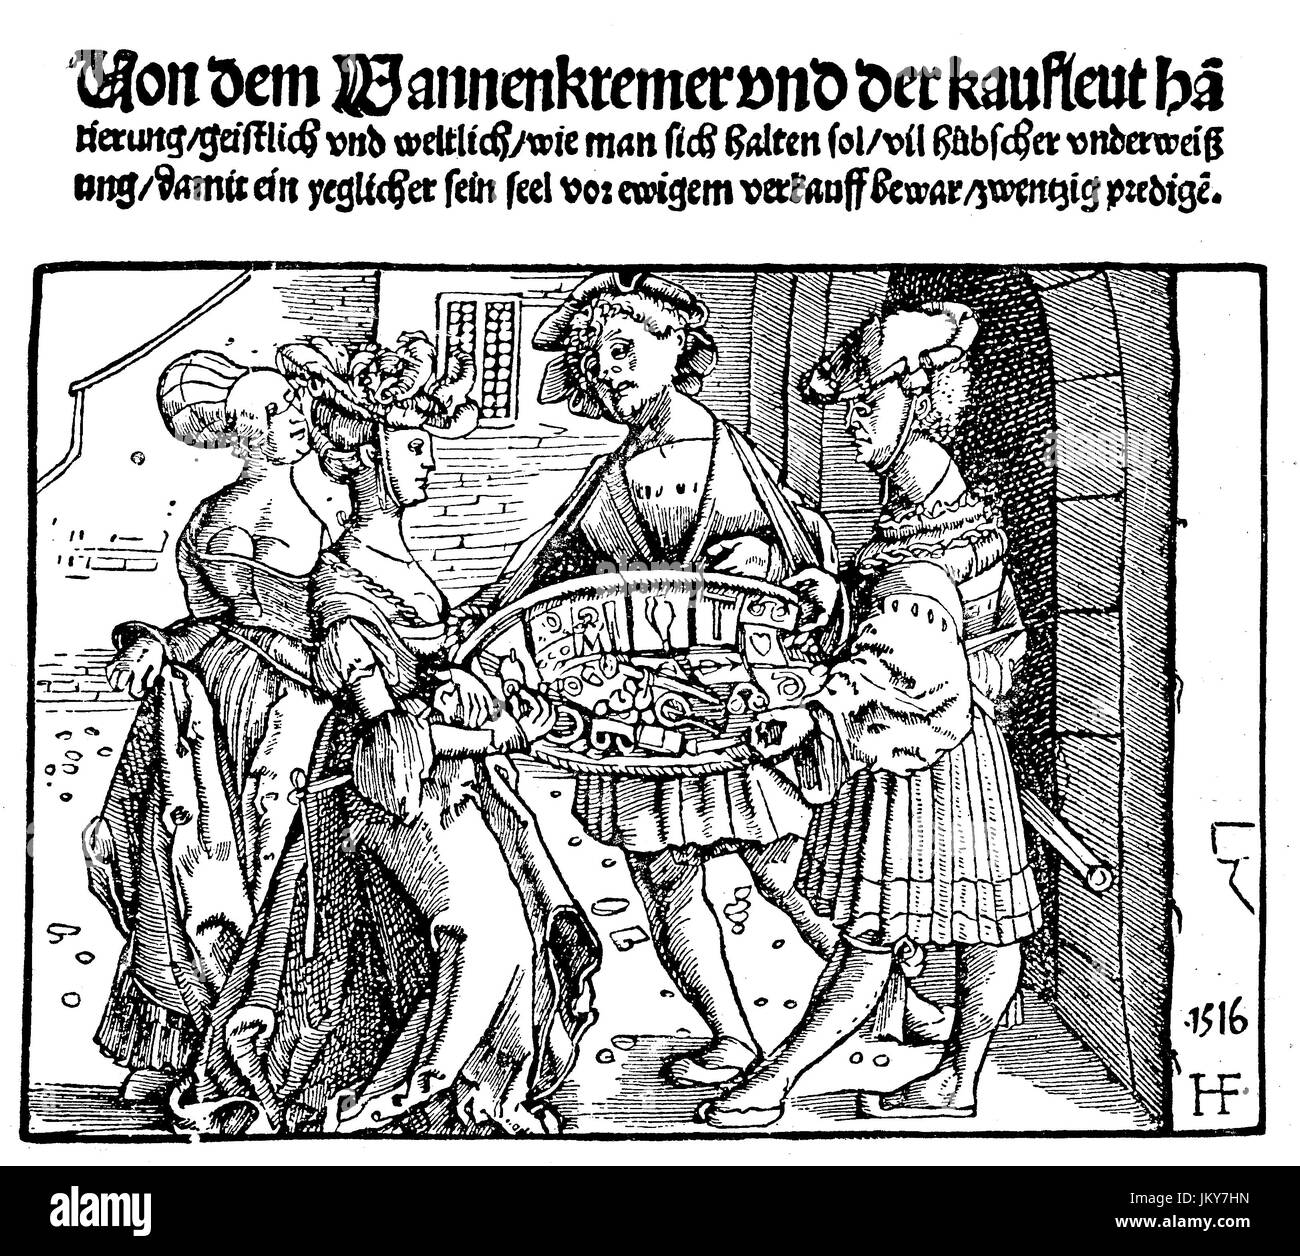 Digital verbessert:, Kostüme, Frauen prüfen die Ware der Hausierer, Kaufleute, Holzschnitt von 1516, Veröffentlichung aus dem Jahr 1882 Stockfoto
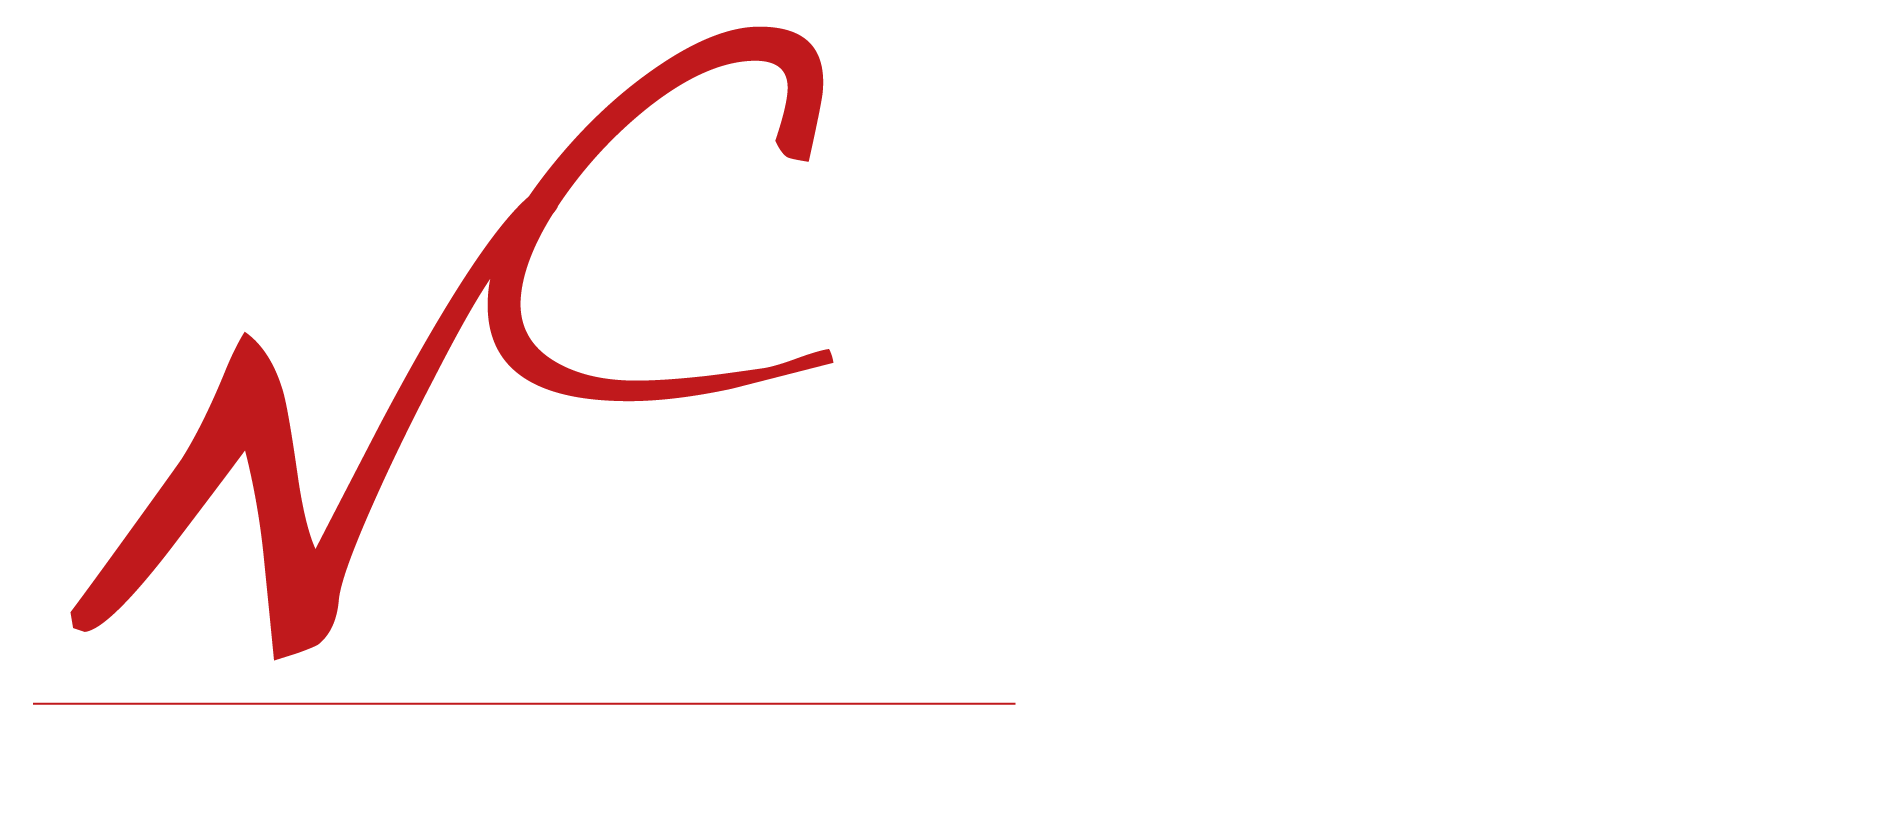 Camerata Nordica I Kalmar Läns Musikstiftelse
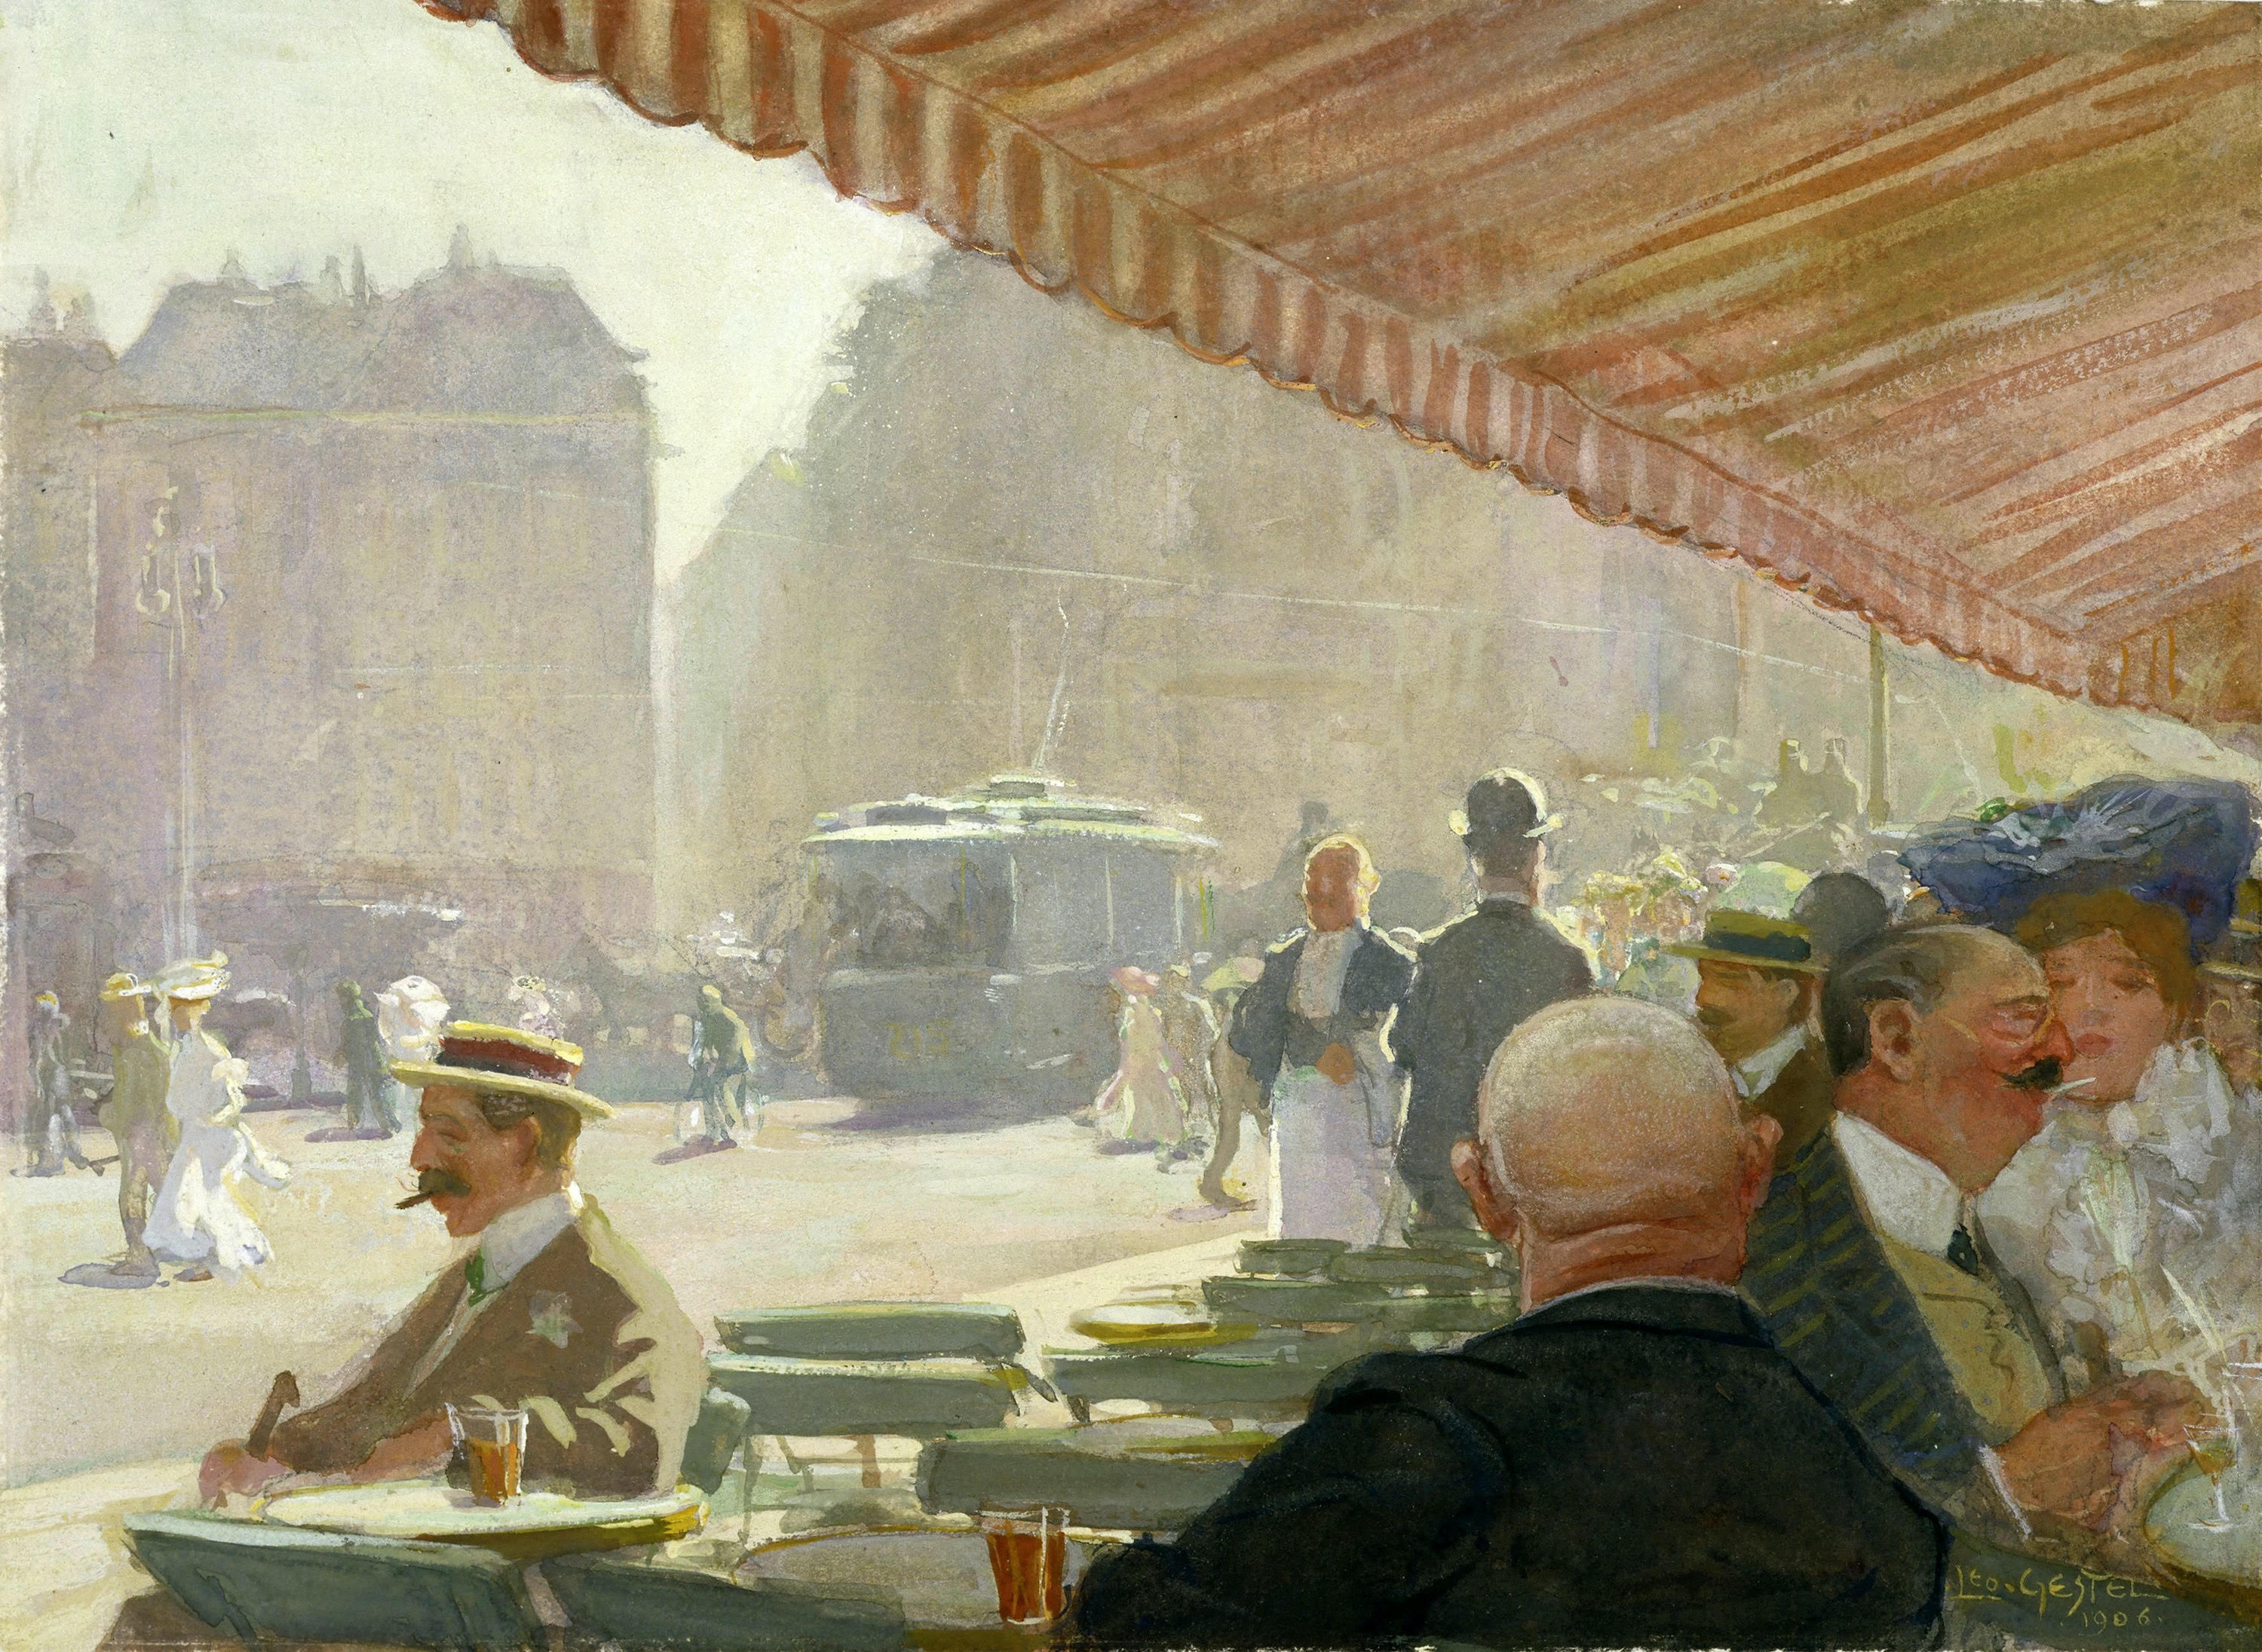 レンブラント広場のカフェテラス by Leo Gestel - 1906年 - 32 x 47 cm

WHAT TO DO:
Pictures are to be dropped, and the remaining data set down exactly.

ANSWER SECTION:
 Digital verbessert:, Kostüme, Frauen prüfen die Ware der Hausierer, Kaufleute, Holzschnitt von 1516, Veröffentlichung aus dem Jahr 1882 Stockfoto
 Camerata Nordica I Kalmar Läns Musikstiftelse
 レンブラント広場のカフェテラス by Leo Gestel - 1906年 - 32 x 47 cm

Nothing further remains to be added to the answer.